TO DO: Search the records for "Plastic". Report every line where it occurs.

INPUT:

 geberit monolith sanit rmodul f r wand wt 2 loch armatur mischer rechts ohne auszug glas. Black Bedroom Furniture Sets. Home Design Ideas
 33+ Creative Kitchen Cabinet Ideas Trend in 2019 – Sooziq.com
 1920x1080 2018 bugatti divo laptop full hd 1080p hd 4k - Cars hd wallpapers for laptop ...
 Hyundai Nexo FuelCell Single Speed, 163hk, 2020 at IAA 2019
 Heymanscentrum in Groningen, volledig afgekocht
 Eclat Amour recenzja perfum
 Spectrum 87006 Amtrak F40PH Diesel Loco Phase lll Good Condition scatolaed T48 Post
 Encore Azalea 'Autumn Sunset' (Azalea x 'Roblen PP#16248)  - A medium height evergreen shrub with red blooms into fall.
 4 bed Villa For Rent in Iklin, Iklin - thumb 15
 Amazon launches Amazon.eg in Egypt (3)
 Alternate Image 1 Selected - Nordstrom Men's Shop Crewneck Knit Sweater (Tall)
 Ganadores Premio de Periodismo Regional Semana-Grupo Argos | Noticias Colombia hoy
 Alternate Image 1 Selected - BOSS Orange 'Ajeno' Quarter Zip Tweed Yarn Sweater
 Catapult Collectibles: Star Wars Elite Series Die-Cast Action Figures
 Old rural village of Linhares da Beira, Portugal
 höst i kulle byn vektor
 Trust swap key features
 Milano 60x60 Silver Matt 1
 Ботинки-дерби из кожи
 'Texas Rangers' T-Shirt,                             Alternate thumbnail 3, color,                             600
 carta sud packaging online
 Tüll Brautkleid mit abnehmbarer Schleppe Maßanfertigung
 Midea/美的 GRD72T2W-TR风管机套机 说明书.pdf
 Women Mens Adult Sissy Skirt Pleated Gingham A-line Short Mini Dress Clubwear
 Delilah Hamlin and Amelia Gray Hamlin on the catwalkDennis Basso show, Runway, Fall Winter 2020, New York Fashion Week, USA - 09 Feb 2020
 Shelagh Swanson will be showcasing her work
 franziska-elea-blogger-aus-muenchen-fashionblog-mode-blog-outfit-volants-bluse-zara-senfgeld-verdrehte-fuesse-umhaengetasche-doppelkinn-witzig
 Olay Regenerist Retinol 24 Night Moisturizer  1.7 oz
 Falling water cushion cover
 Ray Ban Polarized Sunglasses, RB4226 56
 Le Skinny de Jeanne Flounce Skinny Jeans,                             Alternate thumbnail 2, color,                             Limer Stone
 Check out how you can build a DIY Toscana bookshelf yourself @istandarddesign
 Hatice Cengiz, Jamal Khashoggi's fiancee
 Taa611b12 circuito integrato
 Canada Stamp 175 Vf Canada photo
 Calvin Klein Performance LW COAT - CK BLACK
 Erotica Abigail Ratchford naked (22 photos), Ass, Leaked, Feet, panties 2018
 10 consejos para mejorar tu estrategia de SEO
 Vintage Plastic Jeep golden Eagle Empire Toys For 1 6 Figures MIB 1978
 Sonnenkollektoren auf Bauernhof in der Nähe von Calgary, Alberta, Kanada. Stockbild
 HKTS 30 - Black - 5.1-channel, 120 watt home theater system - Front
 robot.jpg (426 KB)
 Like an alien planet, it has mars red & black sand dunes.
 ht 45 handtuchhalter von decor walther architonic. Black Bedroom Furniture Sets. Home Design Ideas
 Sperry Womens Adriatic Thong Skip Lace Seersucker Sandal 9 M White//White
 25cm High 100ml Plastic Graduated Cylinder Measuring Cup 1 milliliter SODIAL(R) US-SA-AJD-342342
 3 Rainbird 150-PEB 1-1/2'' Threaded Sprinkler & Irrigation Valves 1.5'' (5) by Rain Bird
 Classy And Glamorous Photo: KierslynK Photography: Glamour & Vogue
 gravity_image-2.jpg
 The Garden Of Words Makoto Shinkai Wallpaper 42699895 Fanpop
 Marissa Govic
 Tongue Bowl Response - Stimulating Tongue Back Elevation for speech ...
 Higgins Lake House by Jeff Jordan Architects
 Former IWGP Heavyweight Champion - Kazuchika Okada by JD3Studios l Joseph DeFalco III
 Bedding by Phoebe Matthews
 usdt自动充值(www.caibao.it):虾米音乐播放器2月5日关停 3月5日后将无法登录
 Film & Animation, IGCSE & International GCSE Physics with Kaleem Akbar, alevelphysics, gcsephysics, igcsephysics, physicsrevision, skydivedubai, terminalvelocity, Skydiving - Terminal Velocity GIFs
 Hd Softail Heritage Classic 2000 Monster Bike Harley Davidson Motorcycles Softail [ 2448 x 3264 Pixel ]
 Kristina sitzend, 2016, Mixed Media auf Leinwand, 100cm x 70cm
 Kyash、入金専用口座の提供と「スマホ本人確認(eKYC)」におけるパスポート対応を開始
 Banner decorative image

OUTPUT FOR THIS TASK:
 Vintage Plastic Jeep golden Eagle Empire Toys For 1 6 Figures MIB 1978
 25cm High 100ml Plastic Graduated Cylinder Measuring Cup 1 milliliter SODIAL(R) US-SA-AJD-342342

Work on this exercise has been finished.